In my last reflection on 25 years of financial insights, I offered some guidelines for those who are approaching retirement and wondering how to proceed. Today, let’s take a closer look at one aspect of your retirement adventure: How do you create a sound strategy for drawing income in retirement?
Playing to Win
Let’s start with your obvious (but easier said than done) greatest goal:
Your winning investment strategy is the one that strikes the best balance between enjoying your money while ensuring you never outlive it.
To use a sports analogy, strategizing a winning retirement is like preparing for the rest of a game in which you’re already comfortably ahead. You may shift your game plans from all-out offense toward stepped-up defense, but you’ve still got lots of plays left to make; you’ll want to make them right! As such, the overall game plan is to strike a fair balance between protecting your head start while positioning yourself for continued success.
Forming a Game Plan for Success
As I covered in my last piece, your retirement logistics should be guided by a solid financial plan. Once you’ve created your plan, establish a schedule for reviewing and updating it as warranted … at least annually, and whenever your life’s circumstances change. In addition:
SWP it – Set up a monthly income flow from your investments, using a Systematic Withdrawal Plan (SWP). Review your spending annually and adjust as needed. Unless you’re swimming in money, it’s usually best to start conservatively, and loosen up as time and dollars permit.
Lumpy thinking – If you’ve got lump sums arriving in your future, carefully plan for them in advance. You may want to earmark some of the payout as “fun money,” but also plan for how to prudently allocate most of it, or you may accidentally blow more of it than you intended.
Expect the unexpected – Maintain at least three months’ worth of readily available emergency funds.
Smooth the tax bumps – If possible, try to flatten your taxes in retirement by generating relatively consistent taxable income from one year to the next. Big picture, this should help you reduce your marginal tax rate as well as reduce your total tax bill in retirement.
Running Defense With Your Accounts
By the time you’re ready to retire, you and your spouse may well have myriad accounts, accumulated throughout your working years. How do you best manage them?
Consolidate it – You can simplify and optimize your cash-flow planning by consolidating as many of your far-flung accounts as possible under the management of a single advisor.
Private pension – We typically suggest putting your private pensions into play as soon as possible. If your spouse does not have a private pension and a spousal survivor benefit is available, shoot to score at least 60% for that. Also, check to see if you or your spouse qualify for any foreign pensions.

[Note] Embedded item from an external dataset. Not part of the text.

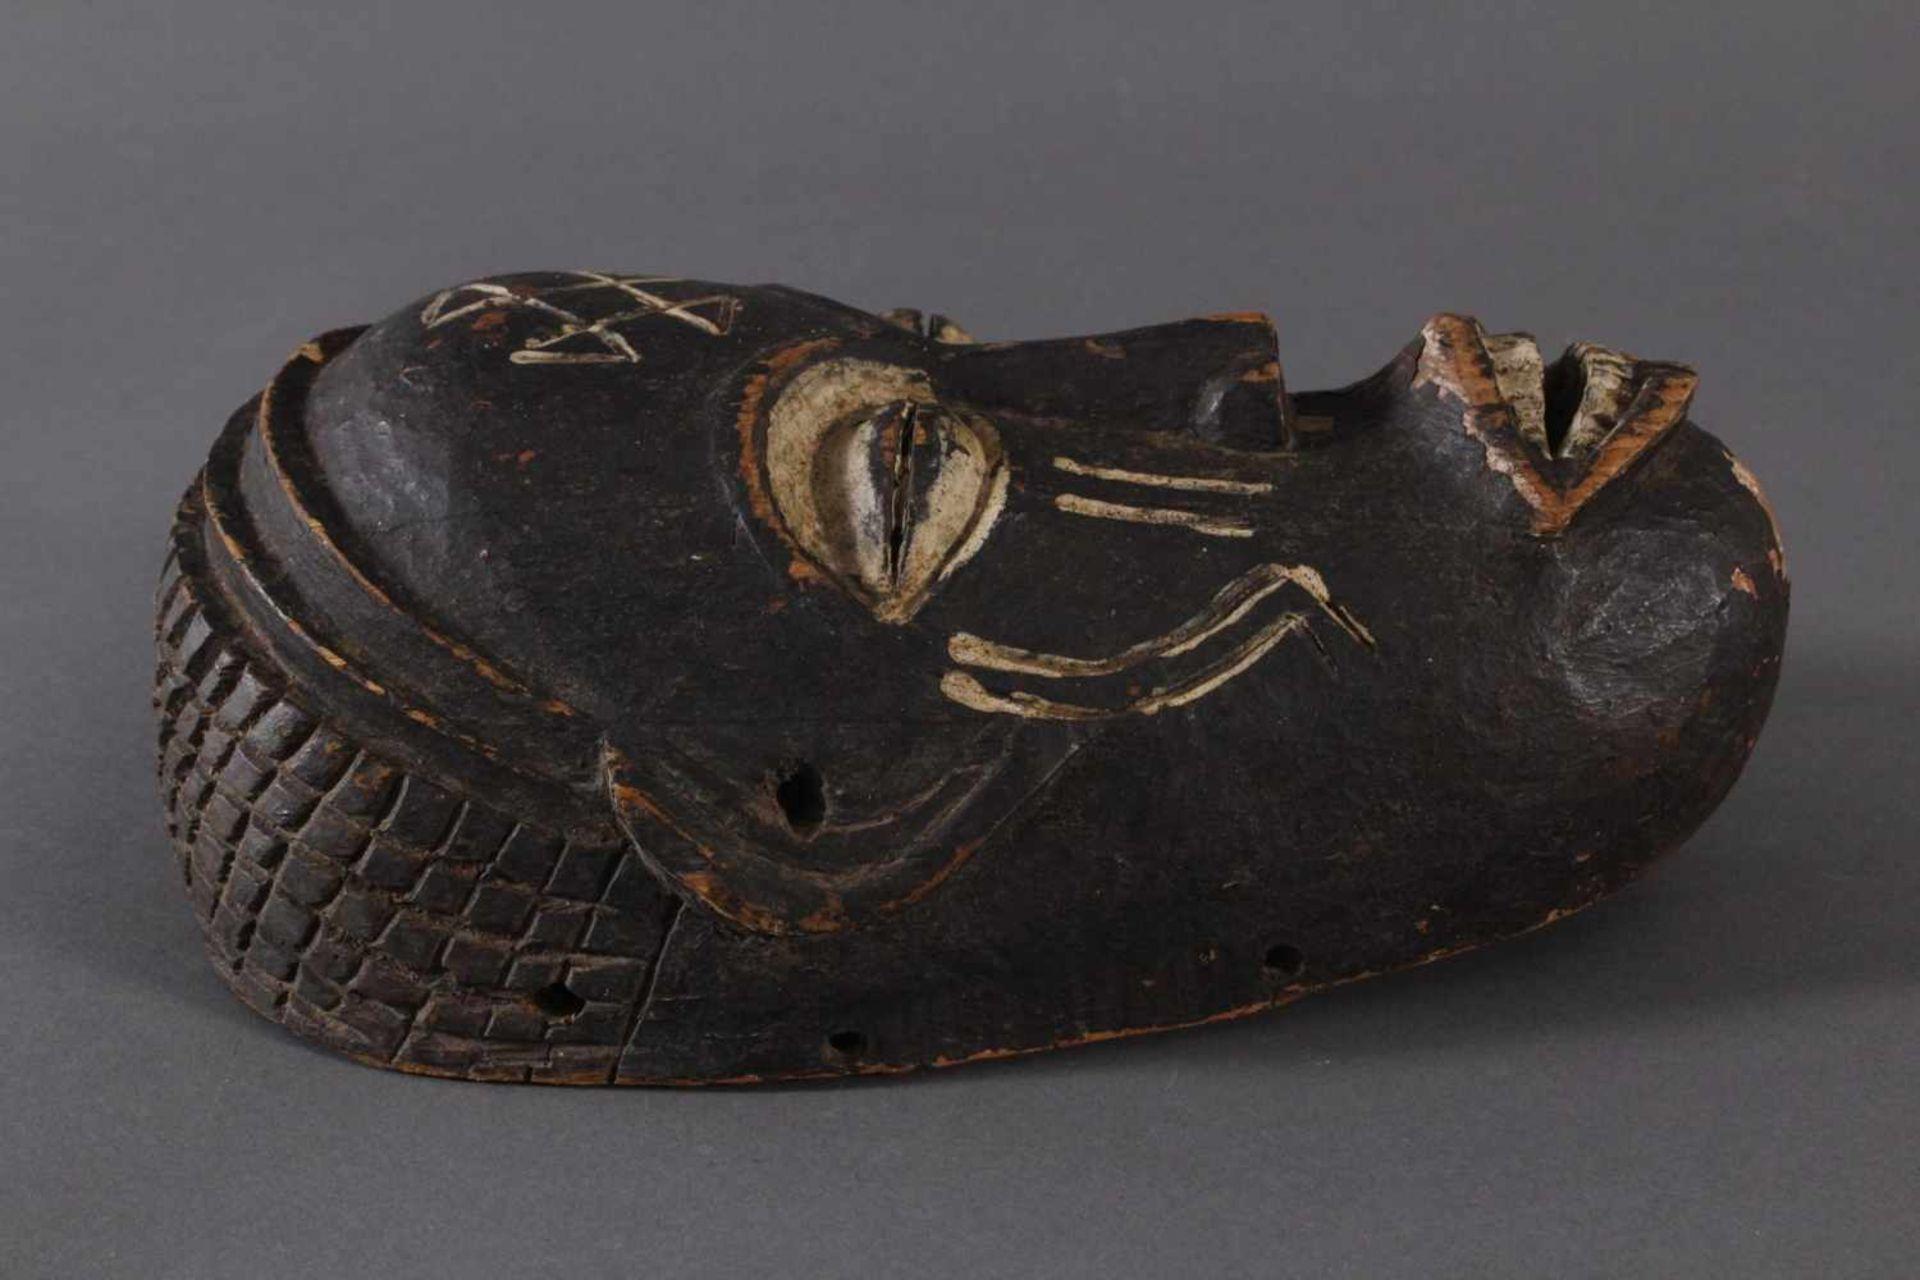 Antike Maske, Chokwe, Angola 1. Hälfte 20. Jh.Holz geschnitzt, dunkle Patina und Kaolin Bemalung, - Bild 2 aus 6

RRIF it – In retirement, it often makes sense to convert your Registered Retirement Savings Plan (RRSP) accounts into Registered Retirement Income Fund (RRIF) accounts. As the name suggests, RRIFs are structured for generating tax-effective income streams. That said, if you have less flexible locked-in accounts (such as locked-in RRSPs or LIRAs), I typically suggest depleting them first.
Open accounts – Unless your tax planning is subject to unusual circumstances, try to draw from your open (taxable) accounts with an eye toward triggering the smallest capital gains.
Save your TFSAs for last – From a tax-planning perspective, I typically advise investors to leave their Tax-Free Savings Accounts (TFSAs) as their income source of last resort. I also recommend you keep funding your TFSAs if you’re able, even in retirement. They provide an excellent backup resource if needed, while providing a continued tax-free investment opportunity if you don’t.
Hands off your leverage and spousal loan accounts – Steer clear of drawing from your leverage or spousal loan accounts, lest you taint the tax benefits you’re seeking by opening them to begin with.
Running Offense on Your Investments
Throughout your investment lifecycle, a few timeless principles still apply. Here are a few:
Global diversification for life – Maintain a low-cost, globally diversified investment portfolio, balanced between and among stocks and bonds and reflecting your goals and risk tolerances.
Regularly revisit your risk profile – Every three or four years, revisit your ability, willingness and need to take on higher risks in pursuit of higher expected returns; adjust your portfolio accordingly. That said, it’s rare that you’ll want to abandon equity investing entirely. Ample academic evidence plus 25+ years of my own observations are clear: Even in retirement, a measure of return-generating stocks (versus volatility-dampening bonds) usually remains advisable.
Avoid stock picking and market timing – Trying to pick individual stocks or time when to enter and exit the market is expected to add extra costs, without contributing to expected returns. Don’t do it.
Last but not least …
Create a plan upfront, revisit it regularly, and stick to it over time as your life preserver in uncertain markets. But, again, don’t forget to appreciate your money along the way. Especially in retirement, when you do spend, spend it on that which will bring you the most joy. That’s what it’s there for.